Specialization entails separating elements of the application so they can be scaled independently. For example, you might build dedicated image servers rather than using the same servers that render the ASP.NET pages. The optimal configuration of an image server is quite different from an ASP.NET server. Also, separating your image requests from the rest of the application opens up the possibility of using third-party resources for serving images. The same approach can apply to other resource files.
Distribution, on the other hand, involves spreading the application symmetrically across multiple servers, typically called a Web farm. ASP.NET applications are particularly suited to distribution because each individual page request is relatively small, and the interactions of a given user are largely independent of other users. Distribution is really the manifestation of the "scale out" philosophy, where multiple mid-performance servers work together to service the users, rather than the "scale up" approach that has one massive server doing it all.
Combining specialization and distribution increases efficiency—you can distribute only the elements of the application that need additional performance. For example, if you've created specialized image servers but image serving is still not adequate, you can add image servers rather than adding servers for the entire application. It's important to keep these strategies in mind as you dig into improving the performance and scalability of your ASP.NET application.
The Meeting of the Minds
At some point during the lifecycle of every ASP.NET application, the developers and the network/IT personnel are likely to meet. With any luck, this will take place before the application is deployed, but sometimes it happens only after there is a crisis—for example, when the application runs great in the test environment, then ships to the users and slows to a crawl. (This is when consultants like me are called in.)

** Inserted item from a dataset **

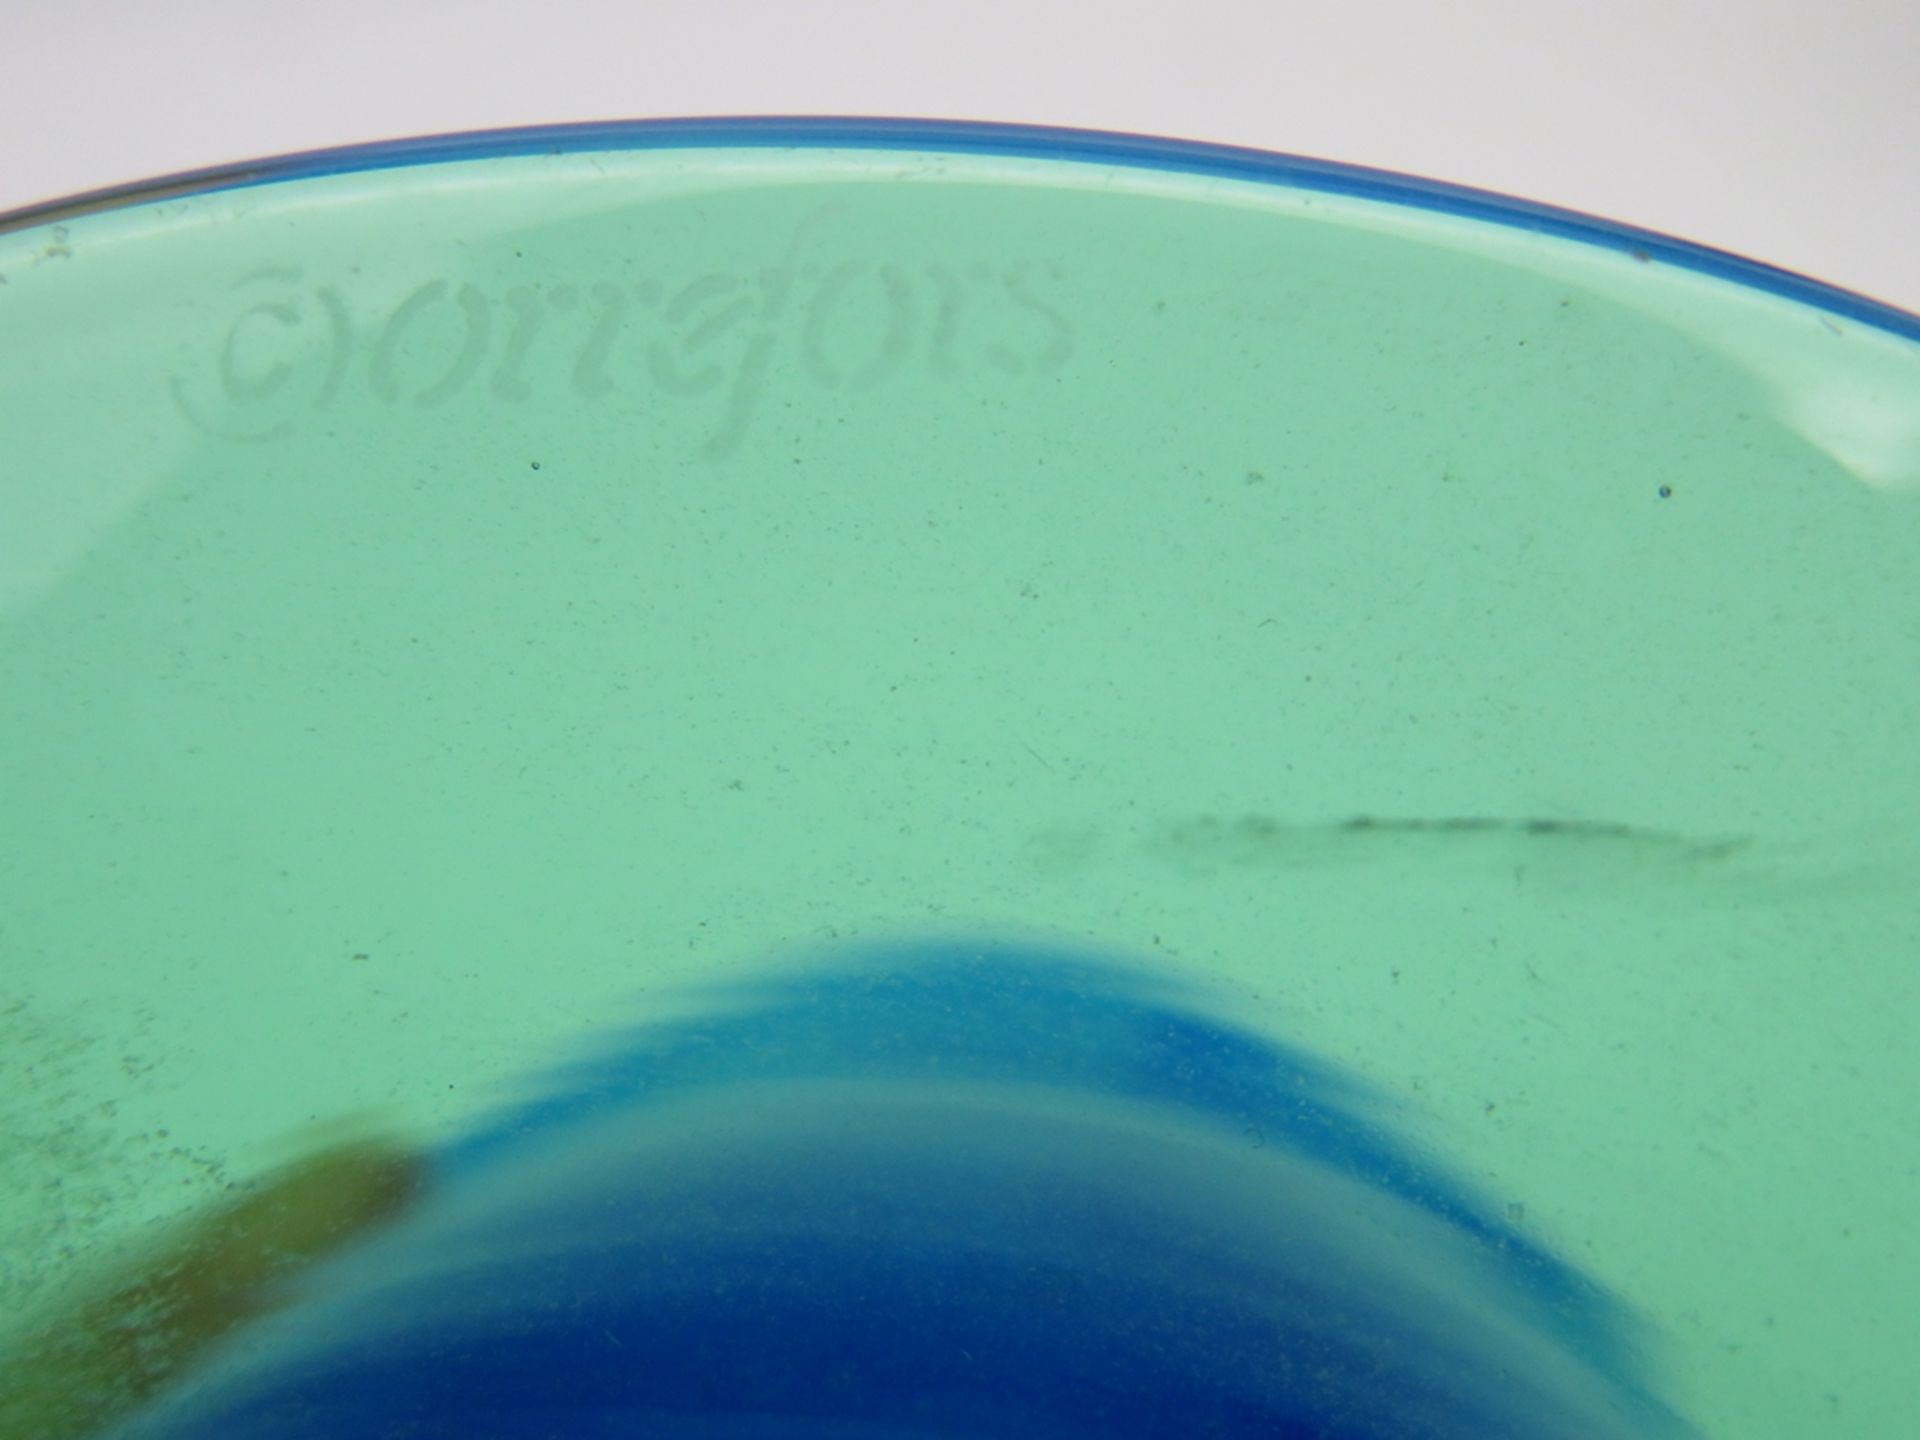 Design Vase, Schweden, Orrefors, blaue Kuppa auf grünem Standfuss, sign., h 19 cm, d 15 cm. - Bild 2 aus 2
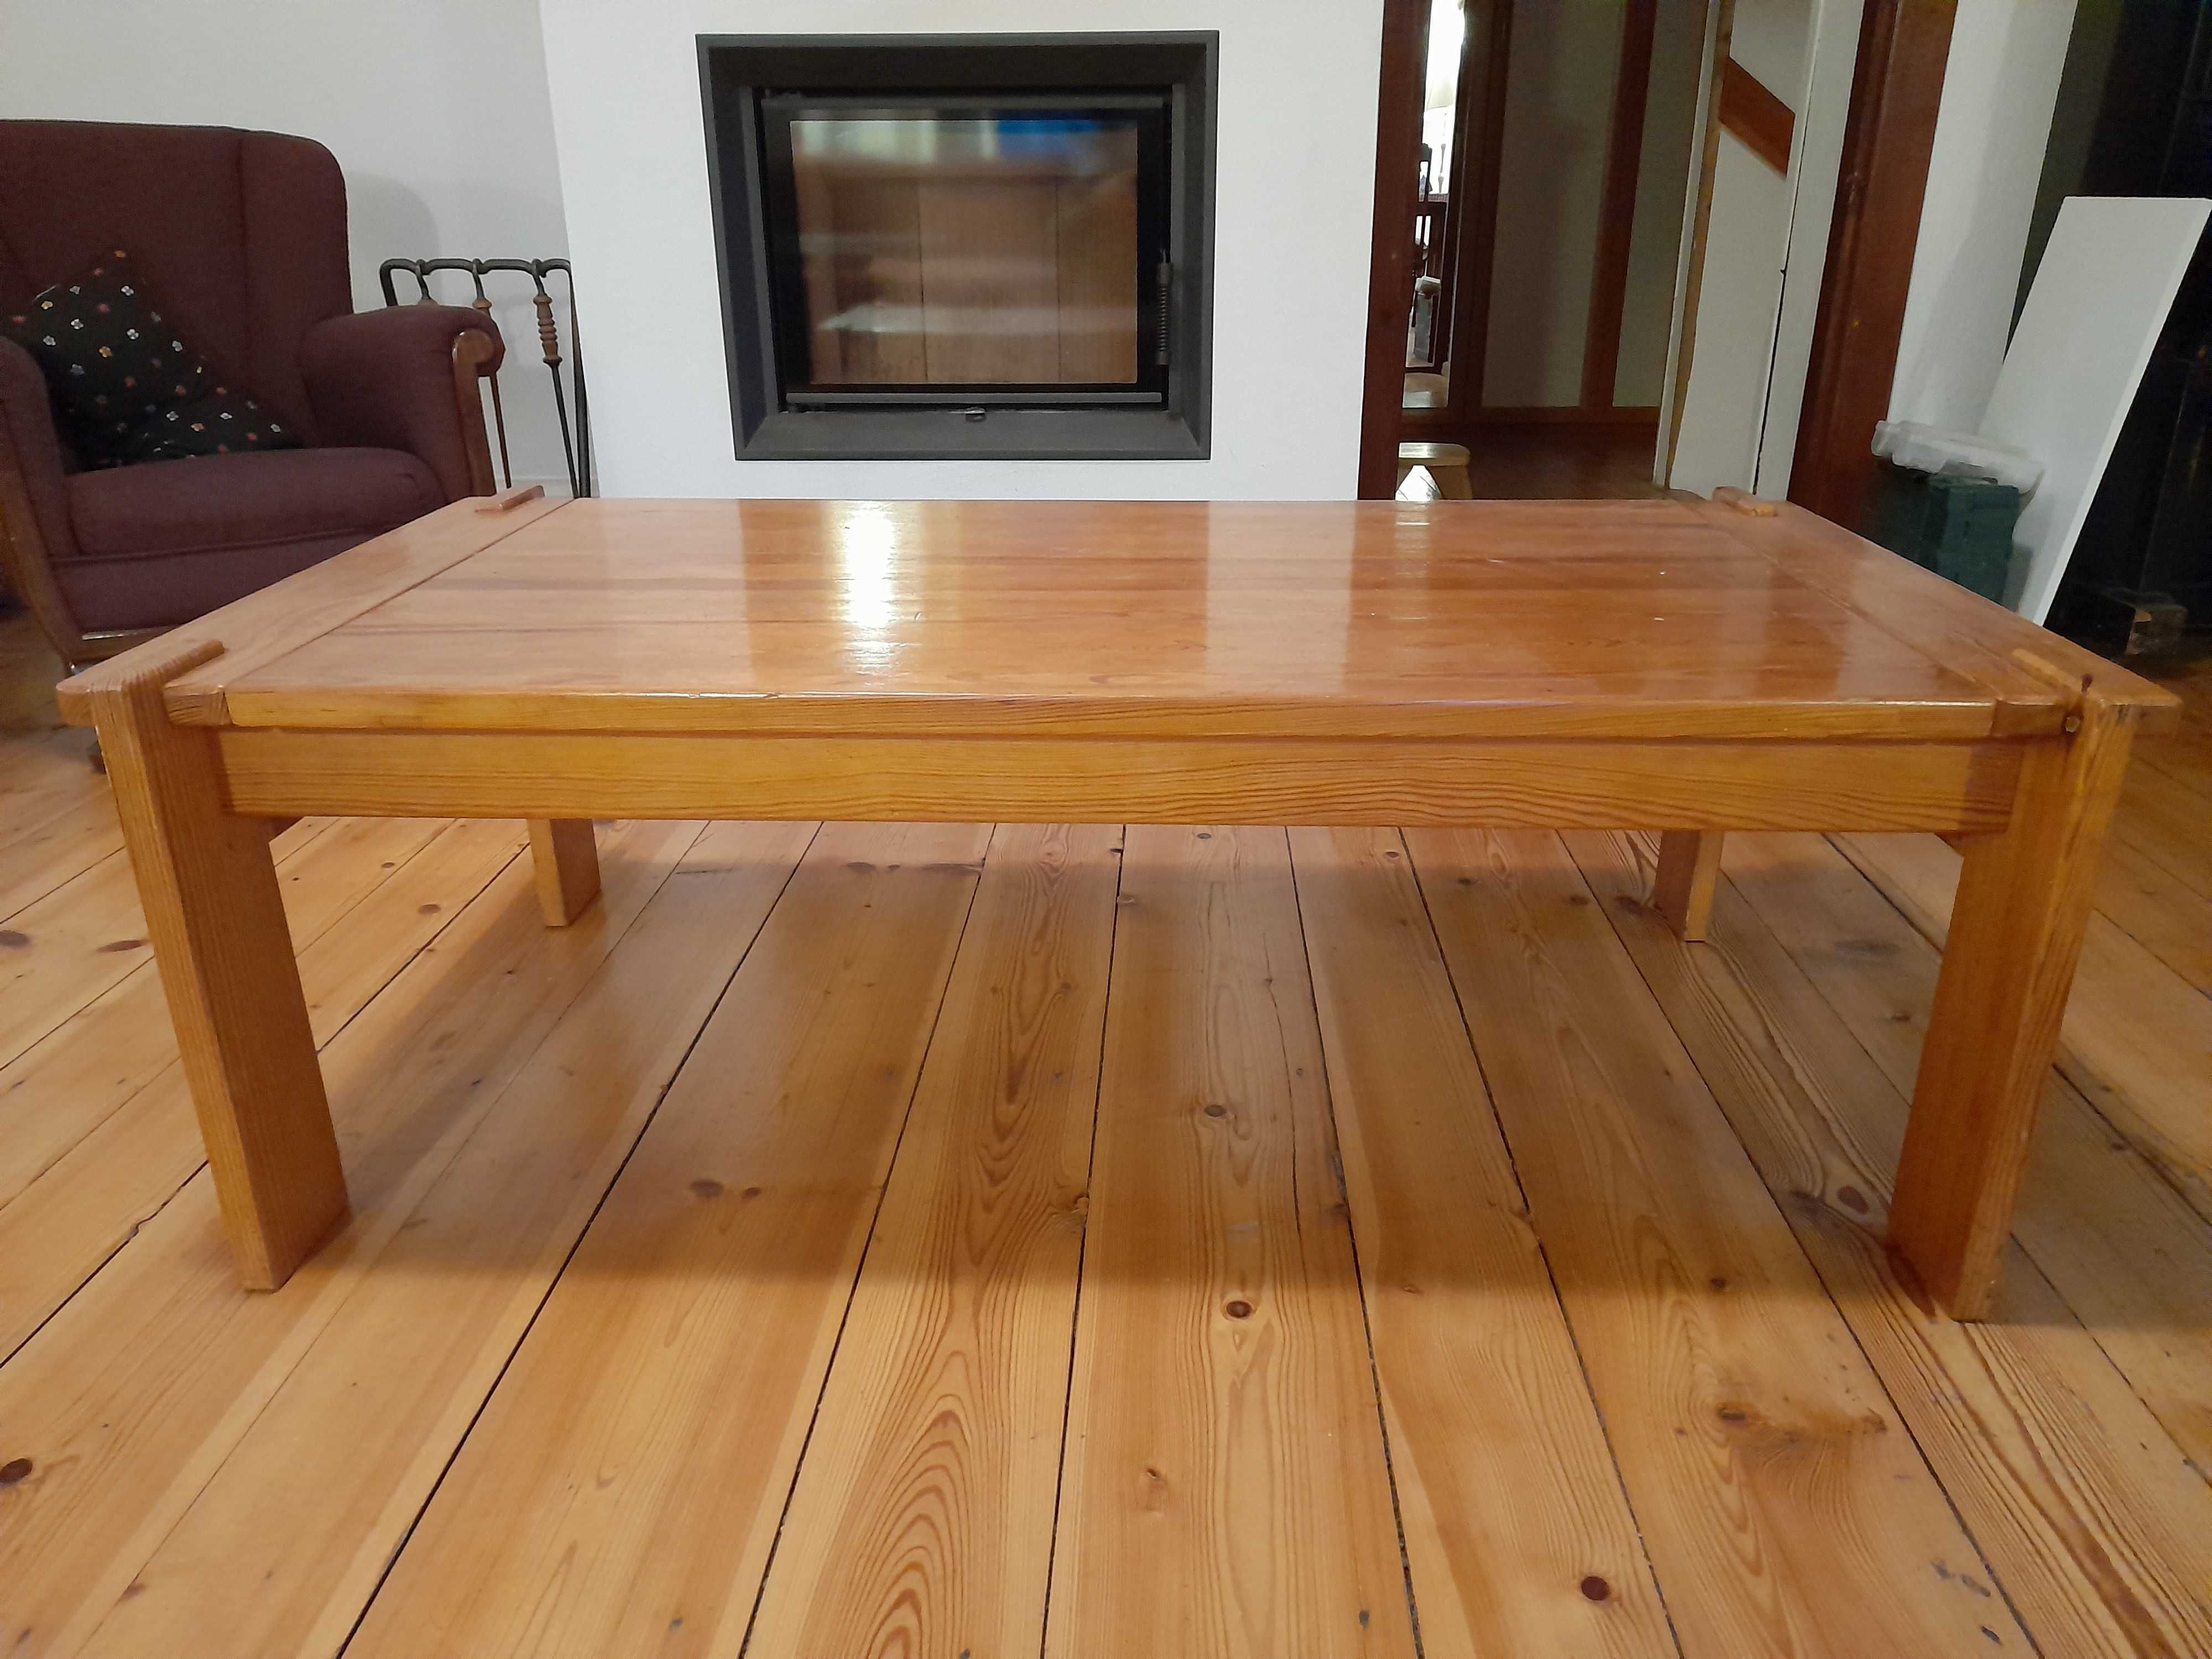 Stół drewniany typu ława: wys 47cm, szerokość 70 cm, długość 140 cm

When developers and network people meet, the primary goal is to exchange information. The developers possess key knowledge about the application, as do the network personnel about the operating environment. Each group needs to understand the other group's data, and the earlier in the application lifecycle they meet, the better.
This meeting should not occur for the first time during a crisis. Without a core understanding between the two teams, it's extremely hard to figure out why the application isn't performing up to requirements. Furthermore, it's all too easy to defensively decide that the problem lies solely with the other team. And that's simply never true—invariably it takes both parties to solve any significantly complex problem.
Even in good times, however, such a meeting can be a very challenging. Those I have orchestrated typically start with the network folks on one side of the table, the development folks on the other. Staring ensues. To get the conversation rolling, I outline the goal of the meeting, specifically a trading of knowledge. It doesn't matter who goes first. I'm going to start with what networking needs to know from development.
What Networking Needs to Know from Development
Every ASP.NET application has its own quirks, but there are key elements that apply in every case. The web.config file is one of these (see Figure 1). Web.config is an intersection point between development and networking. Sometimes it's configured by the developers, sometimes by networking folks. Either way, what's in web.config puts limits on the hardware and network configuration and directly affects how the application operates. Exploring every little aspect of the web.config file in detail would easily fill an entire book; here the point is that both groups need to study the web.config file and agree on what the configuration it represents means and also on the impact the various settings will have on the application and on the environment.
Figure 1 A basic web.config showing some application settings and custom error configuration (Click the image for a larger view)
For example, the <authorization> section of web.config specifies how users will be authenticated in the application, and thus defines a dependency. If the application uses Windows® authentication, it may be dependent on Active Directory®. If it uses forms-based authentication, the dependency is on a data store of user accounts. That's certainly worth a conversation.
The <customErrors> section is worth noting because it affects how failure looks to users. This is not a complex setting, but it's worth discussing just to understand what the error pages will be. Early on in the collaborative cycle there probably are no custom error pages—that too is worth a conversation.
The <appSettings> section of web.config can be especially significant. This is typically where developers stash global values, like connection strings for databases. It's a great source of dependencies and a key part of planning for failover, migration, and so on. But since the <appSettings> section is entirely custom, it can contain almost anything and may require a lot of explanation to understand what's there. Often orphans are left in this section—values that don't actually get used anywhere in the application.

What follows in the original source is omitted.